Study design
This retrospective study has been approved by the Research Ethics Committee of Changhai Hospital, Navy Medical University. The inform consent was exempted in this retrospective study. Demographic baseline and surgical variables of the patients who received DG at Changhai Hospital, Navy Medical University of China during January 2016 and December 2018 were retrospectively collected in this study. All surgeries were performed by four professors with equivalent experiences in the surgical treatment of gastric cancer. The exclusion criteria were: ASA-IV status, Synchronous malignant diseases, combined surgery and missing data for estimation of propensity score (Figure 1).
Through a consensus meeting involving surgeons and biostatisticians, 15 preoperative variables possibly influencing the choice of surgical approach and associated with outcome were identified to enable strict PSM. Each patient’ s propensity score was calculated using a logistic regression model based on age, sex, area,education, body mass index (BMI), operation year, ASA score, operation history, comorbidity, preoperative chemotherapy, preoperatively measured tumor size, clinical T-stage, clinical N-stage, laparoscopic-assisted or open gastrectomy. Patients in iso-URYA and anti-URYA groups were matched 1:1 using the nearest propensity score.
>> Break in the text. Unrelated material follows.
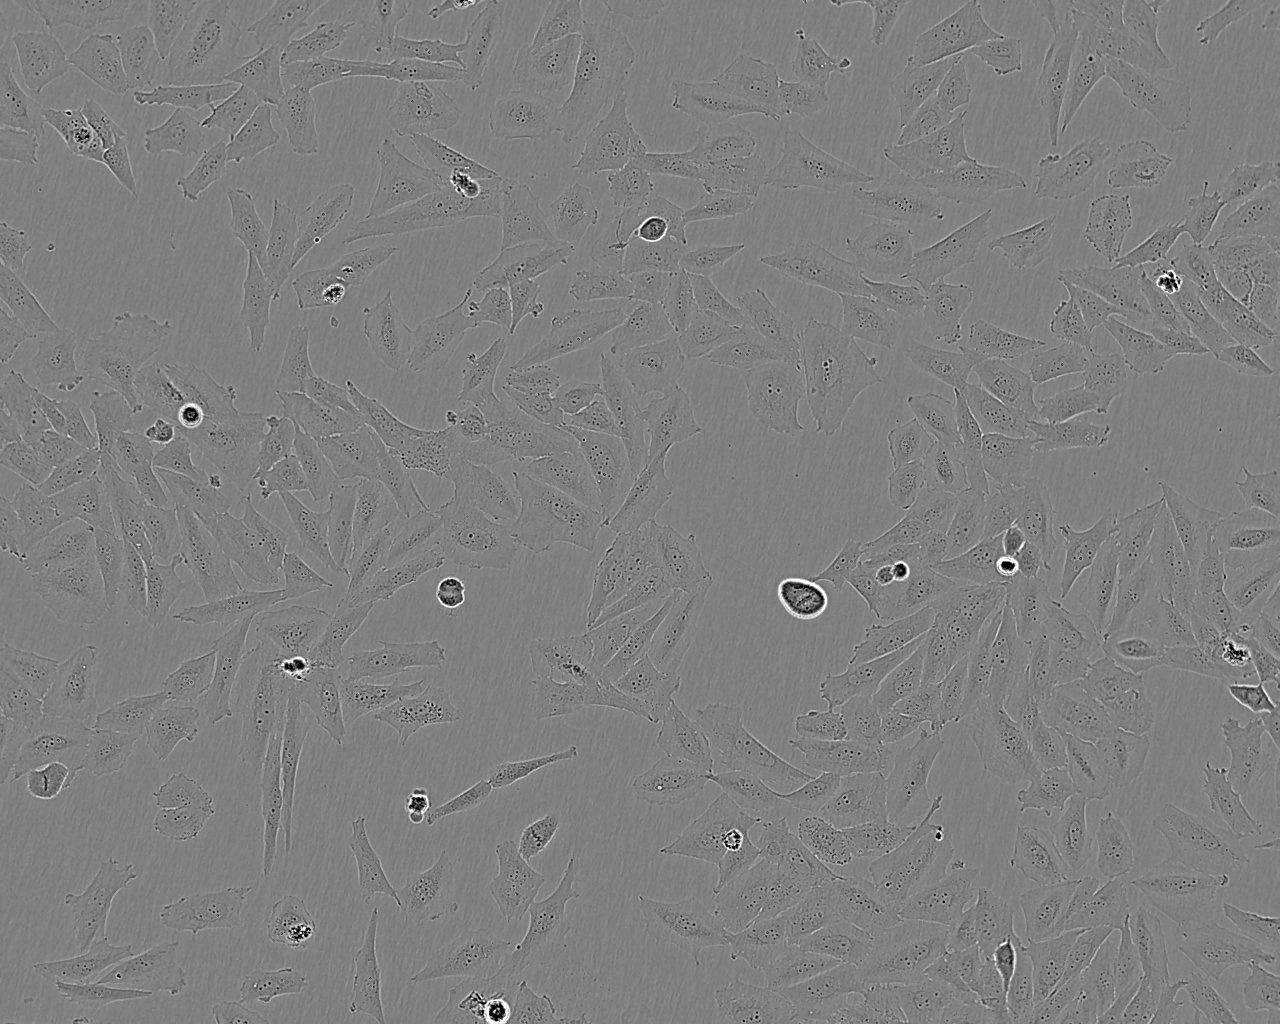 COLO 741 Fresh Cells|人直肠癌细胞(送STR基因图谱),COLO 741 Fresh Cells

The outcomes included complications, changes in nutritional status, endoscopic findings and gastrointestinal quality of life index (GQLI)[9]. The complication was evaluated by Clavien-Dindo classification [10]. The change in nutritional status was evaluated by the relative values of body weight, hemoglobin, and albumin to the preoperative levels one year after surgery. The endoscopic findings one year after surgery were evaluated by the endoscopic ‘residue, gastritis, bile’ (RGB) classification proposed by Kubo [11], higher scores meant worse signs in the remnant stomach.
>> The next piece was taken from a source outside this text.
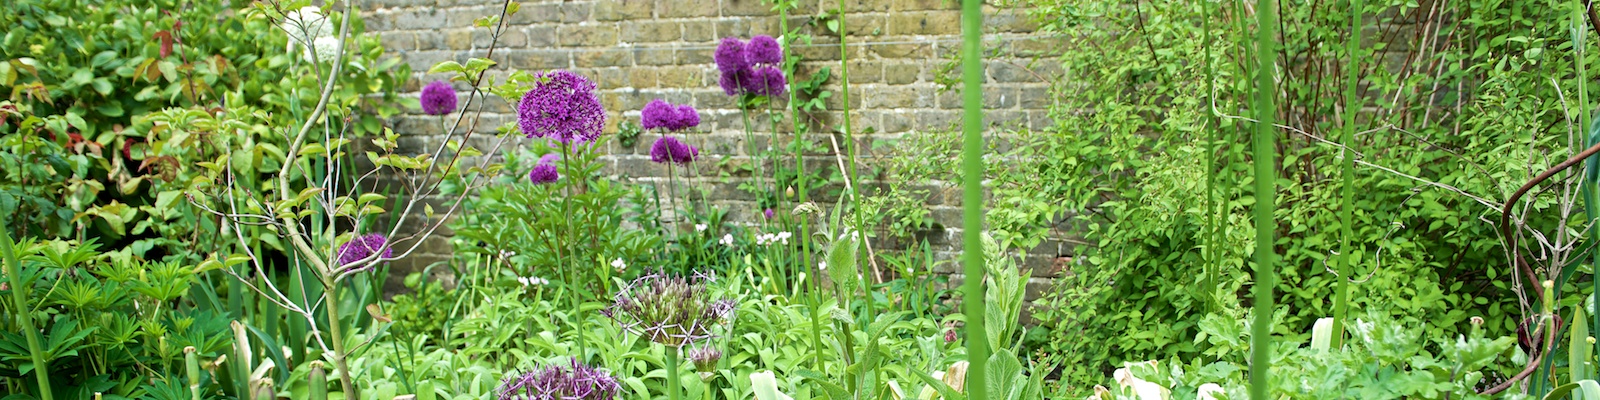 Posy Gentles Gardening Blog

Digestive reconstruction procedure
After DG with D2 lymphadenectomy, which was following the Japanese gastric cancer treatment guidelines 2014 (ver. 4) [12], the duodenum was transected about 2 cm distal from the pylorus and the stomach was transected about 4–5 cm proximal to the tumor. A small entry was made at the jejunum on the antimesenteric border 20cm distal to Treitz ligament. Another entry was made at the greater curvature side of posterior wall of gastric stump and 2cm proximal to the stapling line of remnant stomach. The afferent Loop to lesser curvature for anti-URYA or the afferent loop to greater curvature for iso-URYA side-to-side gastrojejunostomy was performed using a 60-mm linear stapler with a blue cartridge. The “Braun enteroenterostomy” was performed by joining the afferent to efferent limb about 10 and 35cm away from gastrointestinal anastomosis, respectively. The afferent intestine was blocked by ligation or stapler at about 3cm away from gastrointestinal anastomosis and several interrupted seromuscular sutures was performed over the blocked site for permanent serosa-to-serosa adhesion (Figure 2). All patients received antecolic gastrojejunostomy and remnant stomach was not fixed to transverse colon mesentery.
Statistical Method
The continuous data were expressed as mean and standard error and the categorical data were expressed as numbers and proportions. Student t-test or Mann-Whitney U test was used to analyze the continuous data and the Pearson χ2 test or the Fisher’s exact test was used to analyze the differences in the categorical data. All the statistical analysis was two tailed test and P values <0.05 was considered to be statistically significant. All statistical analyses were performed using SPSS ver. 22 for Windows (SPSS Inc., Chicago, IL, USA).